DATA
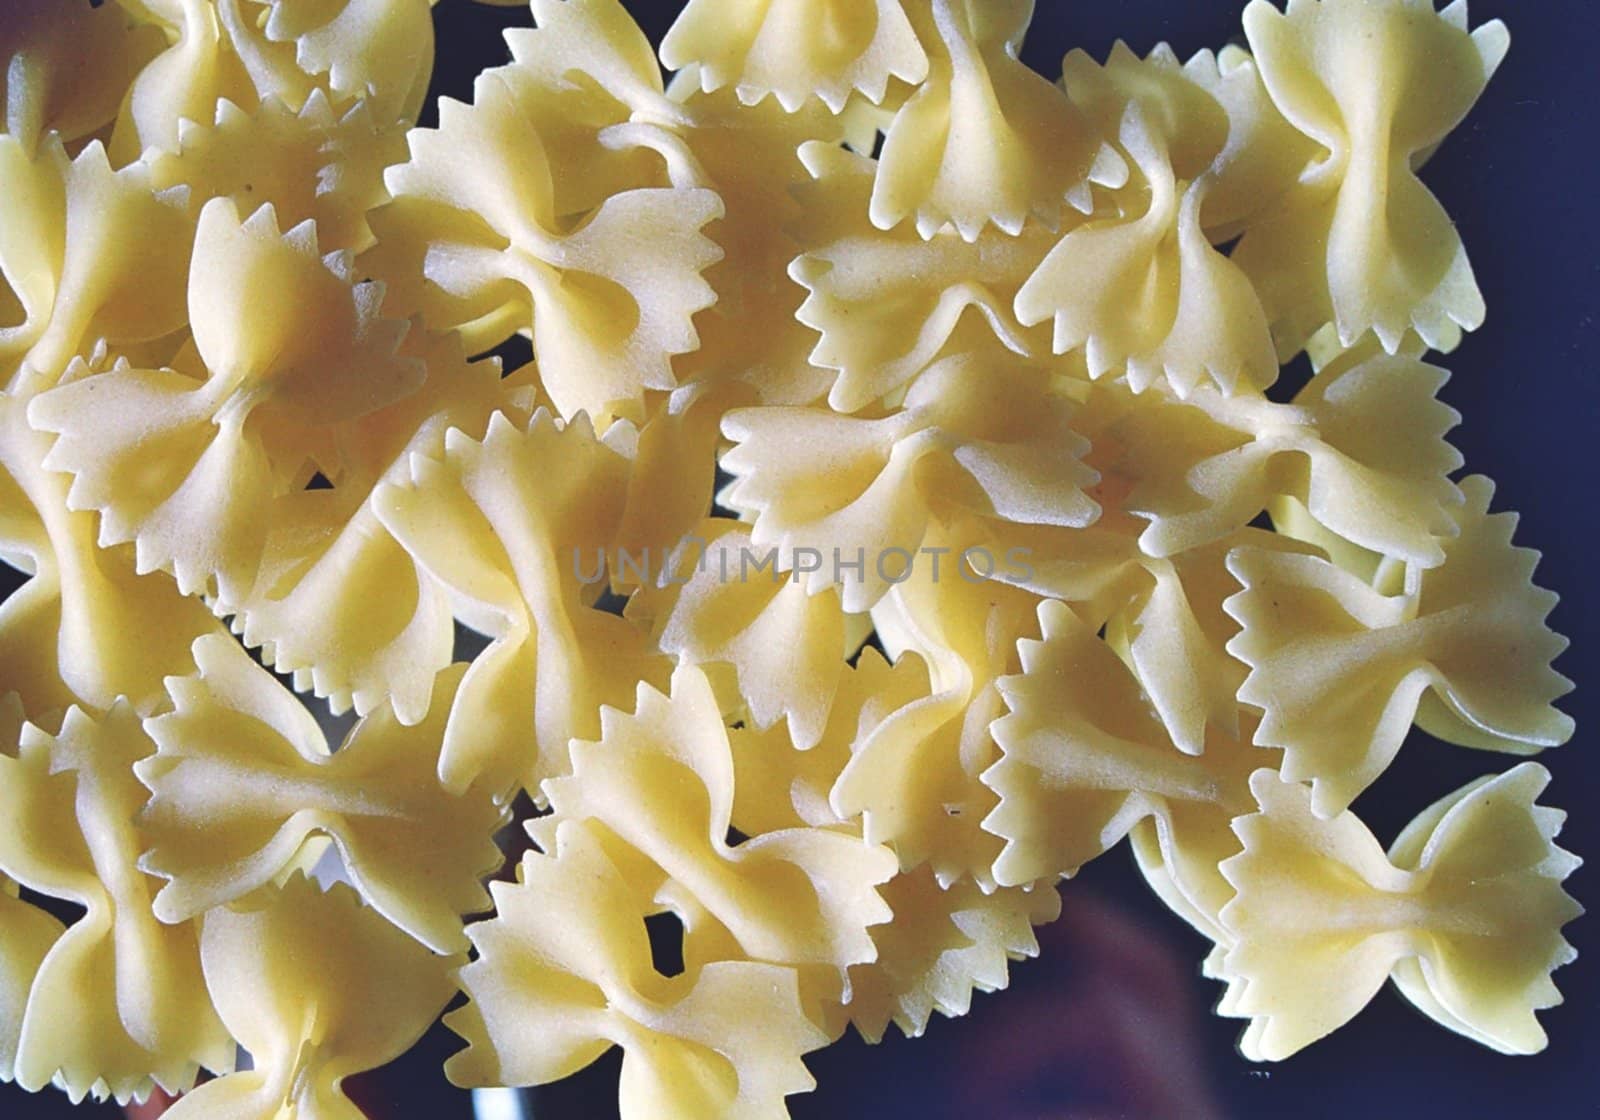 Farfalle pasta, uncooked
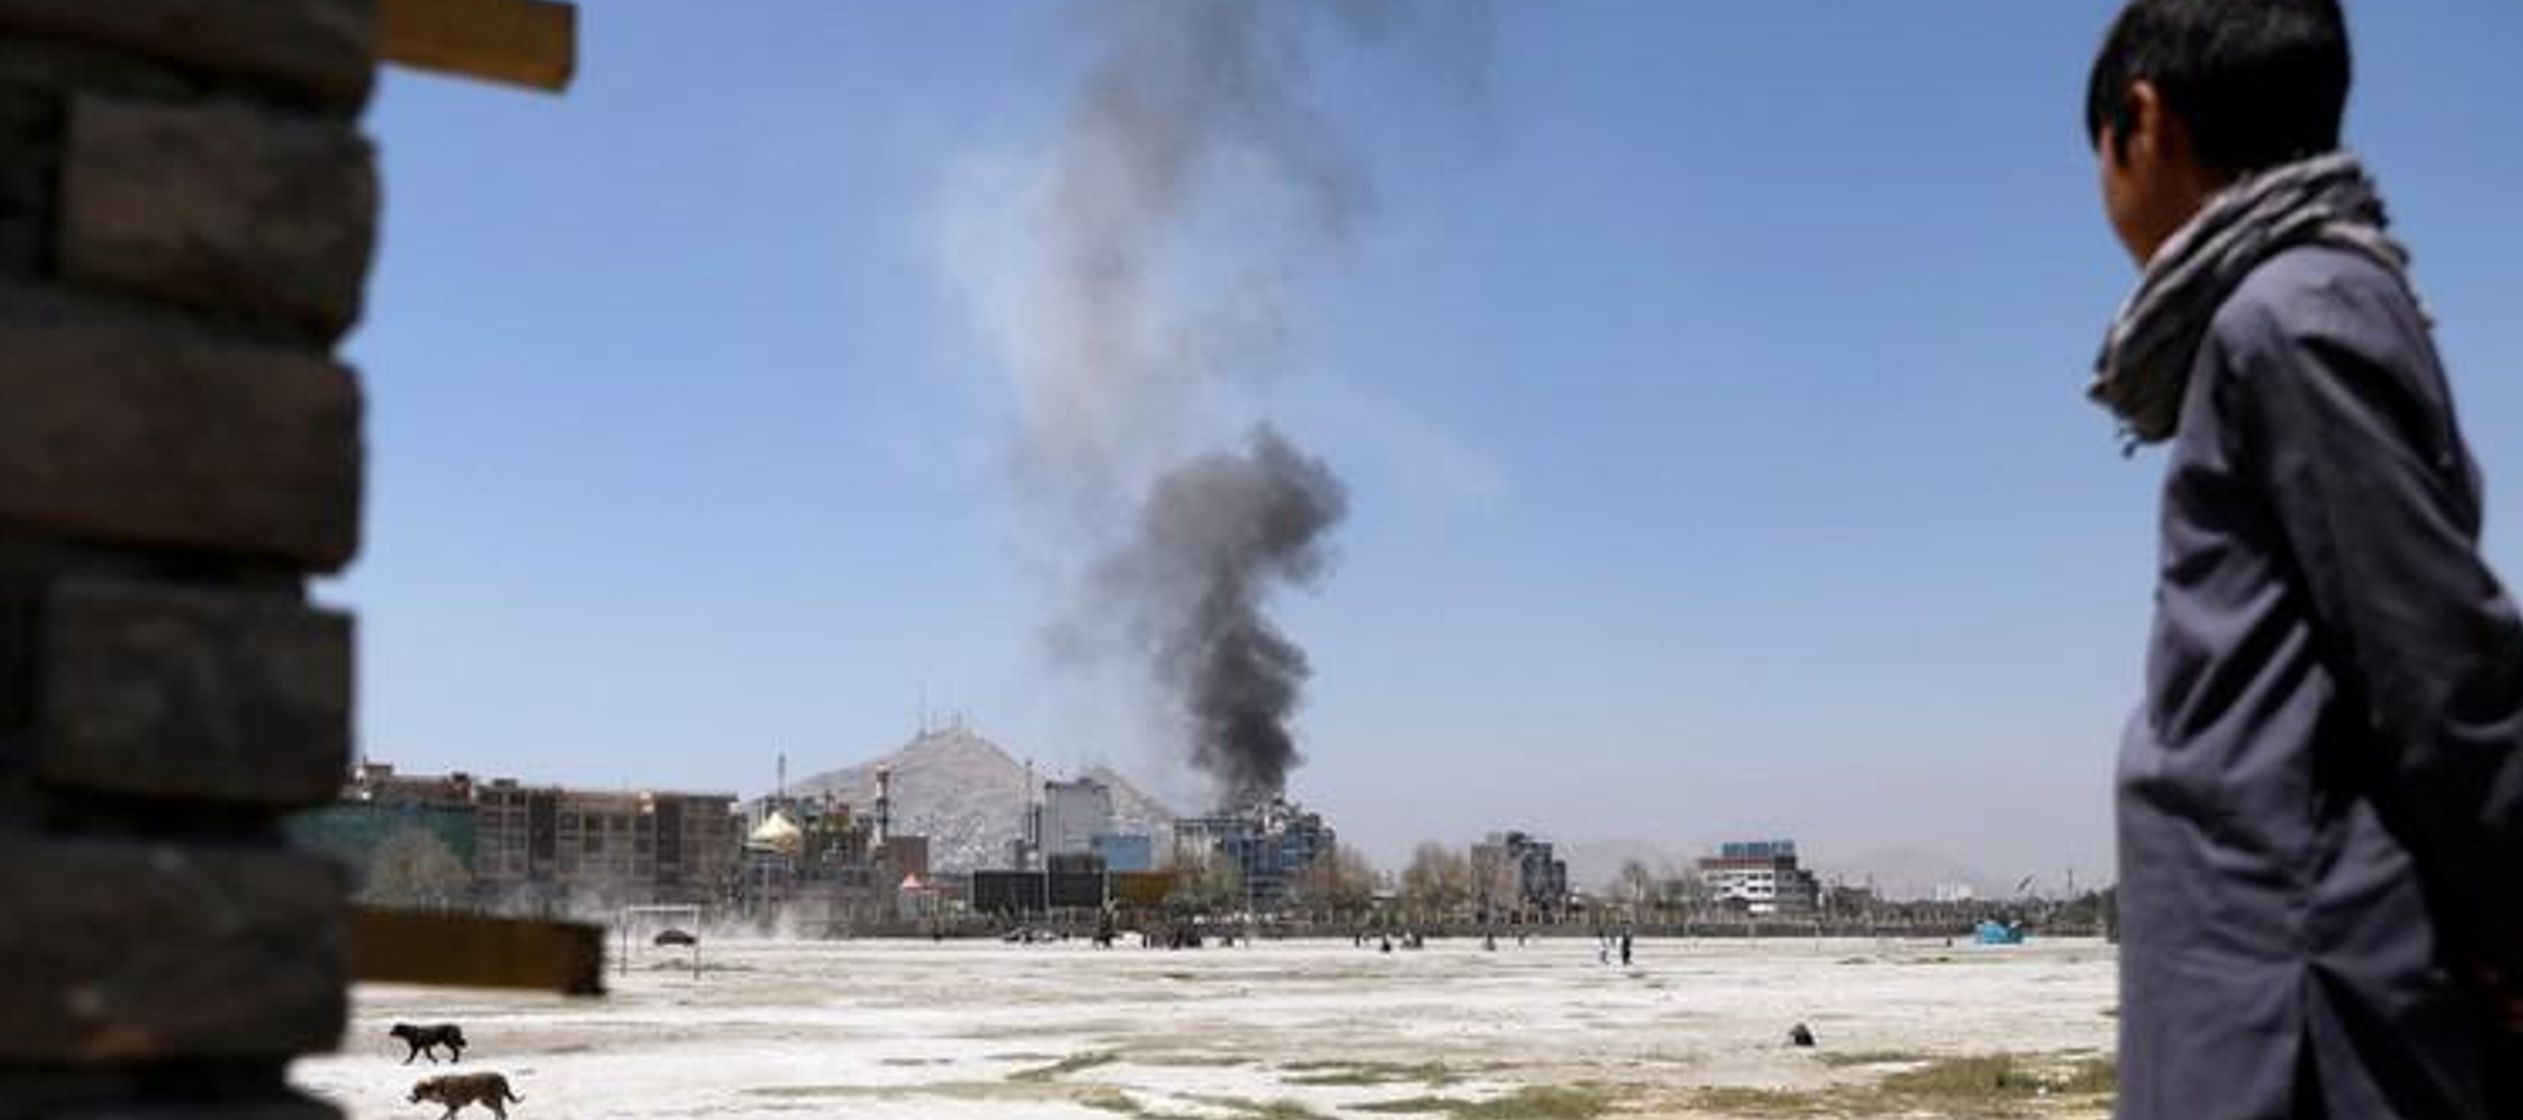 Imagen de archivo de una persona observando una columna de humo tras un ataque en Kabul, ago 21,...
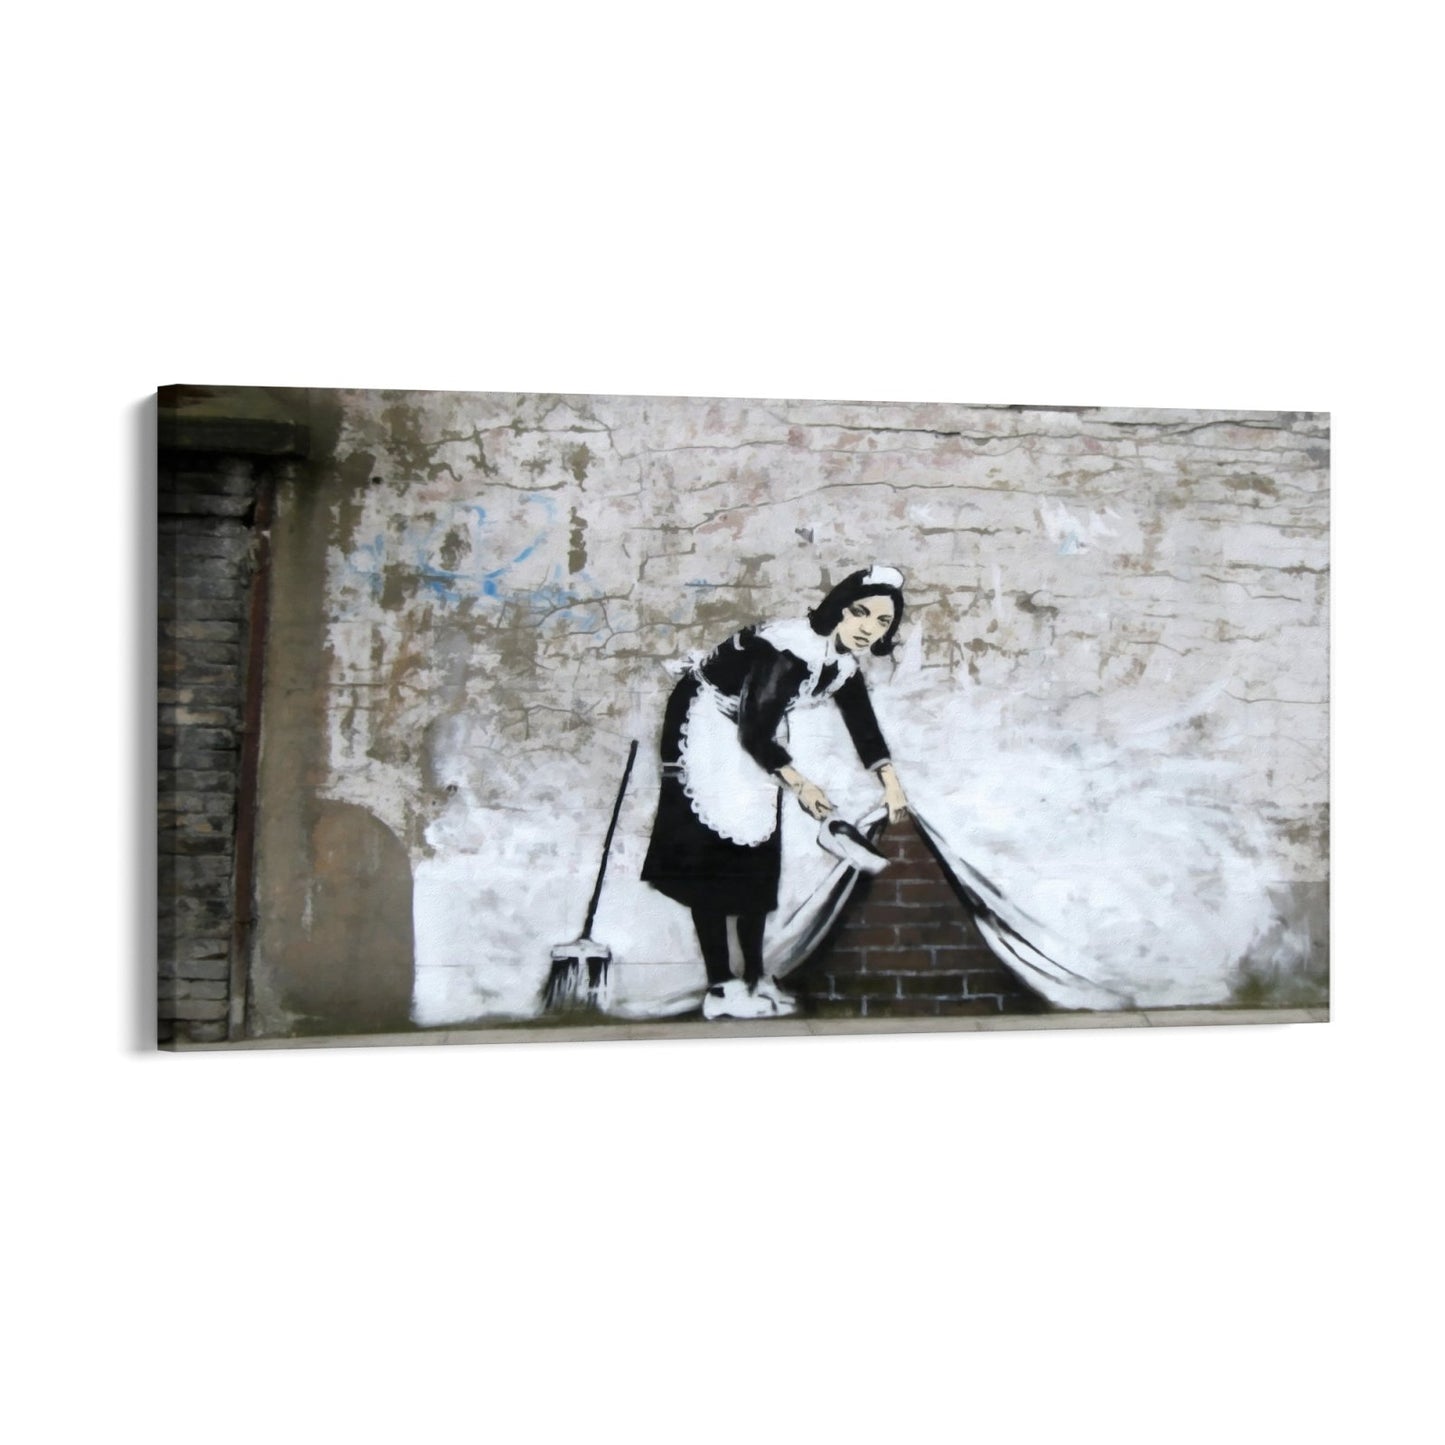 Fej det under gulvtæppet – London, Banksy

ASSIGNMENT
Without the pictures, repeat the listing above exactly.

SOLUTION TO THE PROBLEM
 Farfalle pasta, uncooked
 Imagen de archivo de una persona observando una columna de humo tras un ataque en Kabul, ago 21,...
 Fej det under gulvtæppet – London, Banksy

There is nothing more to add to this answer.